I stand aimlessly at the check out stand embracing a six-pack of two-ply toilet paper. The clock reads 8:15, as I itemize the groceries tossed to the cashier. An older woman, maybe 45 or 50 cut in line two steps before me with a package of ravioli and a loaf of French bread. Dinner by 9:30 and bed by 10:00, I think guessing that work probably keeps her late and isolated from a domestic life. No children, no hips, no husband, no ring, a dog, no a cat, I presume, sits curled on barely worn paisley sofa waiting her lonely owner's return.

A 90's gal, my idol, my foolish fantasy before me. I stand behind her, twenty plus or minus years, and contemplate my future. As I cling the paper rolls to my chest, I think of my daughter in bed with fever, waiting her mother's hurried return. An ironic thing is life.

Cold brightly lit grocery stores, here's where life is real. I glance at the Cosmo propped precociously in its place. She and her sisters challenge we female patrons to make the most of our simple lives - to diet, have better sex, seize the day. But ah here is where fantasy and reality collide. A child whines, a mother barks, the bells ding, an old man moans for another pack of cigarettes, and his wife leans heavily on her basket for support.

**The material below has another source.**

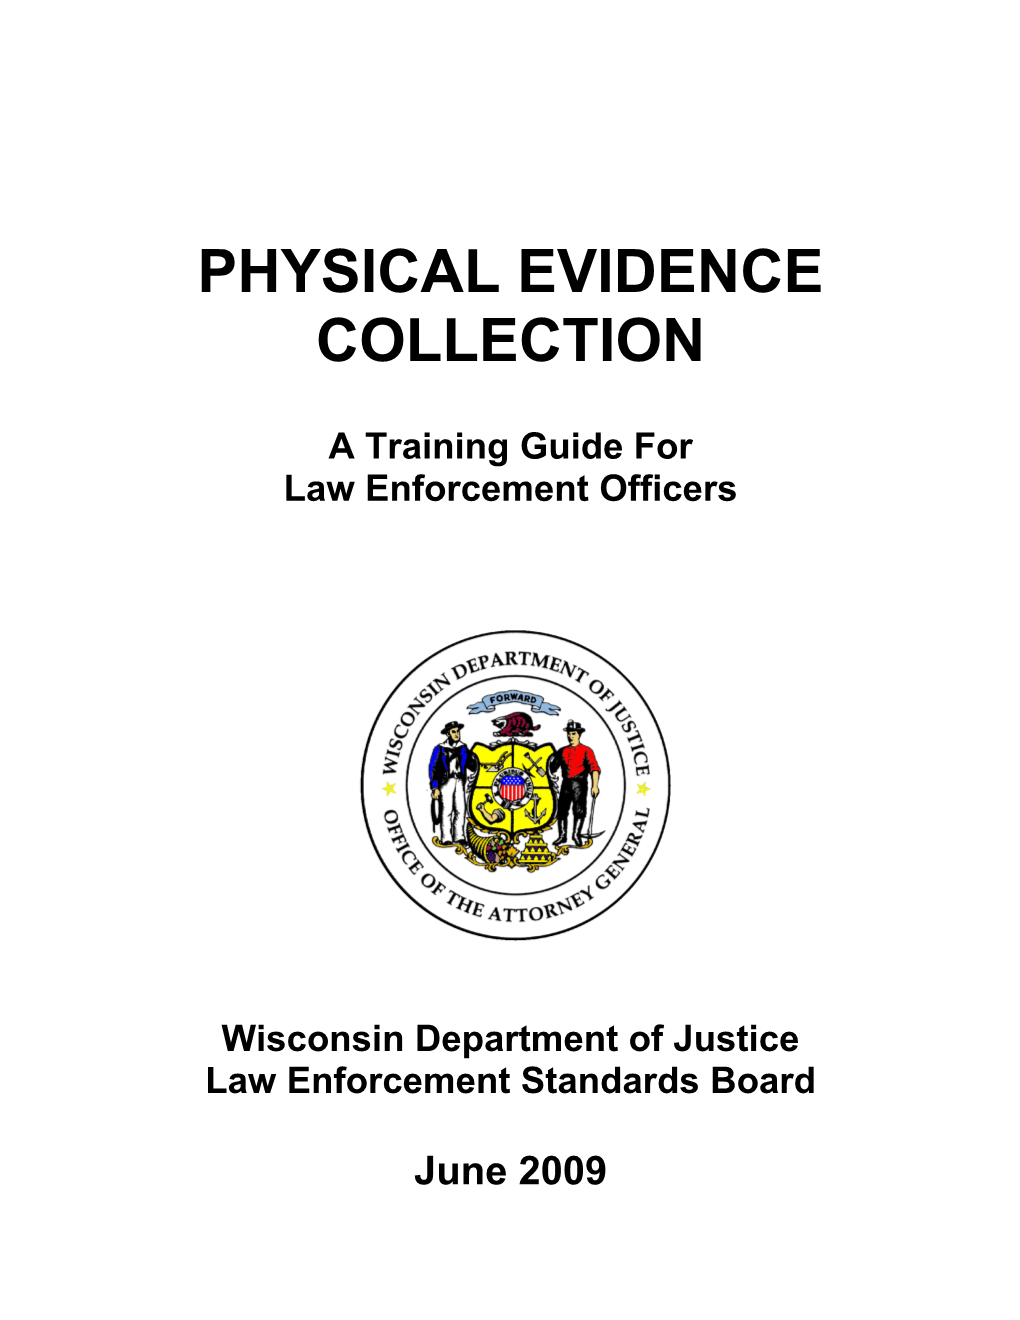 Physical Evidence Collection

I step forward with my tissue. I like to call it tissue, it is a softer sound – a sound connoting the importance of its use. "Paper" is not a thing you want touching those tender secret flower-like places. Advertisers live in a world of toilet paper fantasy. They cunningly avoid alluding to its actual use, while applauding the many other creative uses of TP; i.e. padding for protection from the school principal. Those double and triple plies really do the trick. And let's not forget how puppies and toddlers enjoy rolling it down the stairs.

"If aliens are watching our television signals from outer space they'd never guess what we really use TP for," I think as I step up to the counter, dismissing the petty challenges Woman's Day has pitched my way.

The older woman scurries off, and I relinquish my embrace of my single two-ply item from the paper aisle, "Anything else mam," he asks. I look up into the unexpected depths of icy blue eyes, piercing eyes, eyes that shouldn't belong to a checker. Eyes belonging somewhere two steps behind me, eyes that called to me from the periodicals, Men's Life, Soap Digest, People, but not from behind the red light scanner at Albertsons. "Mam?" he asks, “is this it?”

I turn away and fumble for cash. For a moment I consider the potential value of Cosmo and her article, "Seven ways to say Hello and never say Goodbye."

"Yes," I say stealing several seconds to add him up eyes and all. He's too old to be a checker, which means what? "Unaccomplished," mother would say, "unfortunate" my best friend sighs from her ever present presence in my cerebrum. Who cares I think. They are just pretty eyes. Eyes for old ladies with aching backs, eyes for young ladies with small babies, eyes for 90's gals; eyes from behind the scanner and eyes for me when I pass through.

For a moment the very real task of gathering groceries has become fantasy. I pass behind the red light scanner, enter the world of GQ and he smiles and hands me change. Our eyes say a quick come again and I turn and leave. And as the wide doors of reality slide open before me I step out to my car carrying one slightly brimming bag of Toilet Paper Periodical fantasy.